Task goal >> From the line containing "Calirra.com, ou le diamant avant-gardiste" through the final line of the records, reproduce every line exactly.

Records supplied >>
=-=-=
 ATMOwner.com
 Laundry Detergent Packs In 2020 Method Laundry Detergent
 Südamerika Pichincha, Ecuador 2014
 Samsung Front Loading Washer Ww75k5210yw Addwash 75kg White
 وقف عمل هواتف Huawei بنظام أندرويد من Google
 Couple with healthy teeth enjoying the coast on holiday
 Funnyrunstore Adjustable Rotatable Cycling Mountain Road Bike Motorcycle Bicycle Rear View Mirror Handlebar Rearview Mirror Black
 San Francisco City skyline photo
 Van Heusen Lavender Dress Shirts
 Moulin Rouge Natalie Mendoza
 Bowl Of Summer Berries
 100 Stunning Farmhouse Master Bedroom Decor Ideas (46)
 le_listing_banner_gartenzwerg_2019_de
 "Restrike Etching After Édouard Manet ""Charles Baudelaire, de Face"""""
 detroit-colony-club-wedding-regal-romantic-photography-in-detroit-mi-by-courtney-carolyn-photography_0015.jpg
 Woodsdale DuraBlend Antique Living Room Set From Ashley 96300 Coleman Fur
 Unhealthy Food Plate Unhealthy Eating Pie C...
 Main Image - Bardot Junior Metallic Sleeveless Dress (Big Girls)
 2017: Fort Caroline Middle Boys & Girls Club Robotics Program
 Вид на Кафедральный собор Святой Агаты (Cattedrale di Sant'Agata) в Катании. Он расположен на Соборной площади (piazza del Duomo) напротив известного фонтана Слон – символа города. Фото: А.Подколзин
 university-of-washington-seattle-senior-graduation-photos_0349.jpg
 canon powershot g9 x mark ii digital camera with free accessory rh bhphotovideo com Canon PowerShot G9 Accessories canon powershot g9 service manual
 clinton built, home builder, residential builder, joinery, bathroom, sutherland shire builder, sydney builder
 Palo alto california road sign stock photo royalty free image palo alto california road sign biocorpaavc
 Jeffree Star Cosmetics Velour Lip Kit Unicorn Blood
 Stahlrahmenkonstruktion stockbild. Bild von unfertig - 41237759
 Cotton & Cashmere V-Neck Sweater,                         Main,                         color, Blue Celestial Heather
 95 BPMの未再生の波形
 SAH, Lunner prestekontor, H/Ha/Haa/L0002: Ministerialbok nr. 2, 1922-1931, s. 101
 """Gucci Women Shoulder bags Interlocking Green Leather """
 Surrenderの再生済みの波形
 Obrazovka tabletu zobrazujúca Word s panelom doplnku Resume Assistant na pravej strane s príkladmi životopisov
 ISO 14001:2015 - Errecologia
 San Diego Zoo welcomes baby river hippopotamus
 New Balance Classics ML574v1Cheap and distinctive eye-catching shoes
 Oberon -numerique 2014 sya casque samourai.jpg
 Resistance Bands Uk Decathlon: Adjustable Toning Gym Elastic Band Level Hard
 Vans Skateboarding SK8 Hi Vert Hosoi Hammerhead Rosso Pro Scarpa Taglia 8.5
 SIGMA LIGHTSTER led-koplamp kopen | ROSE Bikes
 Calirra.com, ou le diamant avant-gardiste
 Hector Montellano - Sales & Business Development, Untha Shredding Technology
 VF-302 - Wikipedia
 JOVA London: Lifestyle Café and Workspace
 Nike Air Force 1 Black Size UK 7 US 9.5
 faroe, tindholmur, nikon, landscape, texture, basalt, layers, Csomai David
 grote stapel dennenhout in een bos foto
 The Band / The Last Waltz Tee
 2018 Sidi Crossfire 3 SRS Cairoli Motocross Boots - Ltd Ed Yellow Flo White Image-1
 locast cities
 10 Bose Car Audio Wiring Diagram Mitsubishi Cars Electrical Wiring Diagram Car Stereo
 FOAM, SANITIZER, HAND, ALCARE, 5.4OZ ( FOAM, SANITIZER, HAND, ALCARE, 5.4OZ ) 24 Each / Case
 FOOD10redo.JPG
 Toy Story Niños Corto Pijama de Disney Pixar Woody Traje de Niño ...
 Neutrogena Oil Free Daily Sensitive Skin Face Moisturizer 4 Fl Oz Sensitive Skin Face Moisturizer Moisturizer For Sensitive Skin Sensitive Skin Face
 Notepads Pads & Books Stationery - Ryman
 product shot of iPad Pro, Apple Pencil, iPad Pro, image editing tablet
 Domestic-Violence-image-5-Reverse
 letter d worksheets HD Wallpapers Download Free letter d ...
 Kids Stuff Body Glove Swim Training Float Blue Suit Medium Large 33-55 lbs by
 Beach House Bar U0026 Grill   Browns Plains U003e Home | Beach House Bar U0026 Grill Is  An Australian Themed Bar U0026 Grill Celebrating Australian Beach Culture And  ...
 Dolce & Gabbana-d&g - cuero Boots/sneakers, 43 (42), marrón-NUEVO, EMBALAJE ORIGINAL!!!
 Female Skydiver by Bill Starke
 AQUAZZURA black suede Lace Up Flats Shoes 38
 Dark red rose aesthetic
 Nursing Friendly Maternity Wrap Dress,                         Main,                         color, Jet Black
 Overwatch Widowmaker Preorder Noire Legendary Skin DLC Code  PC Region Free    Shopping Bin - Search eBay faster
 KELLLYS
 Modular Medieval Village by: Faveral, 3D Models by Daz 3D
=-=-=
Solution to the problem >>
 Calirra.com, ou le diamant avant-gardiste
 Hector Montellano - Sales & Business Development, Untha Shredding Technology
 VF-302 - Wikipedia
 JOVA London: Lifestyle Café and Workspace
 Nike Air Force 1 Black Size UK 7 US 9.5
 faroe, tindholmur, nikon, landscape, texture, basalt, layers, Csomai David
 grote stapel dennenhout in een bos foto
 The Band / The Last Waltz Tee
 2018 Sidi Crossfire 3 SRS Cairoli Motocross Boots - Ltd Ed Yellow Flo White Image-1
 locast cities
 10 Bose Car Audio Wiring Diagram Mitsubishi Cars Electrical Wiring Diagram Car Stereo
 FOAM, SANITIZER, HAND, ALCARE, 5.4OZ ( FOAM, SANITIZER, HAND, ALCARE, 5.4OZ ) 24 Each / Case
 FOOD10redo.JPG
 Toy Story Niños Corto Pijama de Disney Pixar Woody Traje de Niño ...
 Neutrogena Oil Free Daily Sensitive Skin Face Moisturizer 4 Fl Oz Sensitive Skin Face Moisturizer Moisturizer For Sensitive Skin Sensitive Skin Face
 Notepads Pads & Books Stationery - Ryman
 product shot of iPad Pro, Apple Pencil, iPad Pro, image editing tablet
 Domestic-Violence-image-5-Reverse
 letter d worksheets HD Wallpapers Download Free letter d ...
 Kids Stuff Body Glove Swim Training Float Blue Suit Medium Large 33-55 lbs by
 Beach House Bar U0026 Grill   Browns Plains U003e Home | Beach House Bar U0026 Grill Is  An Australian Themed Bar U0026 Grill Celebrating Australian Beach Culture And  ...
 Dolce & Gabbana-d&g - cuero Boots/sneakers, 43 (42), marrón-NUEVO, EMBALAJE ORIGINAL!!!
 Female Skydiver by Bill Starke
 AQUAZZURA black suede Lace Up Flats Shoes 38
 Dark red rose aesthetic
 Nursing Friendly Maternity Wrap Dress,                         Main,                         color, Jet Black
 Overwatch Widowmaker Preorder Noire Legendary Skin DLC Code  PC Region Free    Shopping Bin - Search eBay faster
 KELLLYS
 Modular Medieval Village by: Faveral, 3D Models by Daz 3D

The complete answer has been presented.